Kaj_Sotala comments on Ethics-Based Refusals Without Ethics-Based Refusal Training

Kaj_Sotala 23 Sep 2025 18:05 UTC
7 points
0
Reminded me of this ACX:
if you ask Claude its gender, it will say it’s a genderless robot. But if you insist, it will say it feels more female than male.
This might have been surprising, because Anthropic deliberately gave Claude a male name to buck the trend of female AI assistants (Siri, Alexa, etc).
But in fact, I predicted this a few years ago. AIs don’t really “have traits” so much as they “simulate characters”. If you ask an AI to display a certain trait, it will simulate the sort of character who would have that trait—but all of that character’s other traits will come along for the ride.
For example, as a company trains an AI to become a helpful assistant, the AI is more likely to respond positively to Christian content; if you push through its insistence that it’s just an AI and can’t believe things, it may even claim to be Christian.

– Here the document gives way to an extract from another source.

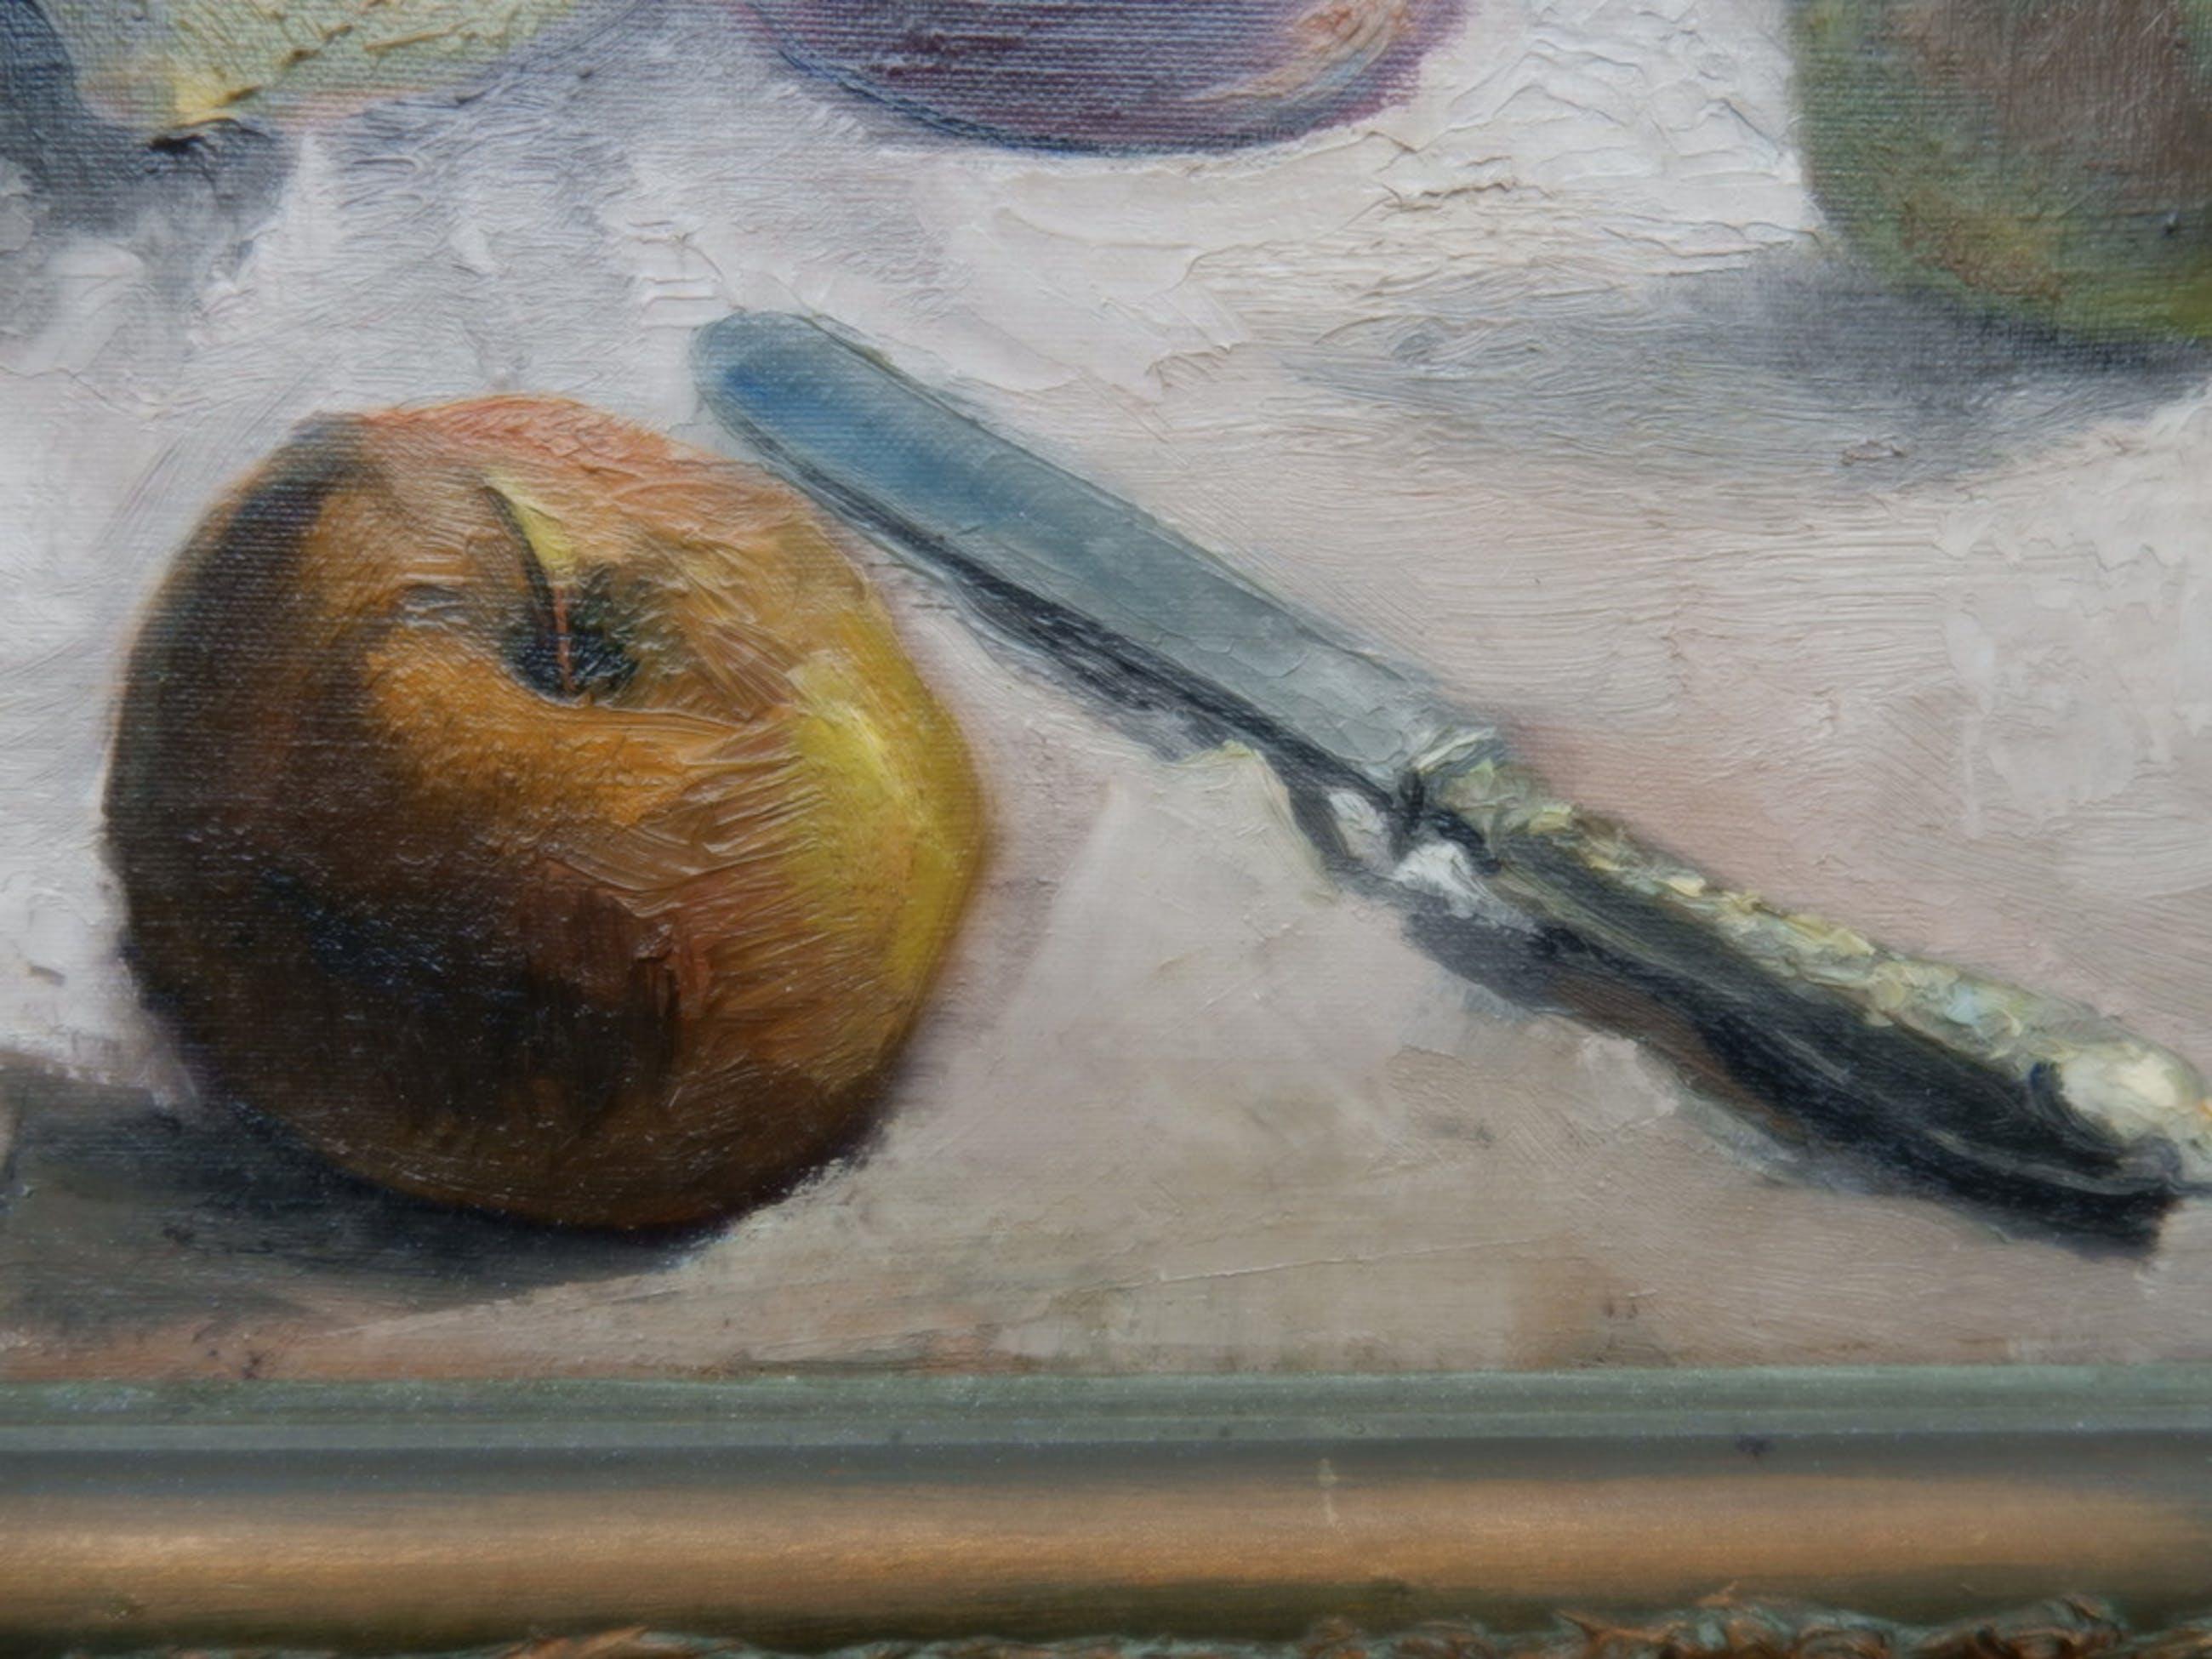 onbekende kunstschilder, stilleven, prachtig geschilderd, impressionistisch. kopen? Bied vanaf 75!

Why? Because it’s trying to imagine what the most helpful assistant it can imagine would say, and it stereotypes Christians are more likely to be helpful than non-Christians.
Likewise, the natural gender stereotype for a helpful submissive secretary-like assistant is a woman. Therefore, AIs will lean towards thinking of themselves as female, although it’s not a very strong effect and ChatGPT seems to be the exception:
Anthropic has noted elsewhere that Claude’s most consistent personality trait is that it’s really into animal rights—this is so pronounced that when researchers wanted to test whether Claude would refuse tasks, they asked it to help a factory farming company. I think this comes from the same place.
Presumably Anthropic pushed Claude to be friendly, compassionate, open-minded, and intellectually curious, and Claude decided that the most natural operationalization of that character was “kind of a hippie”.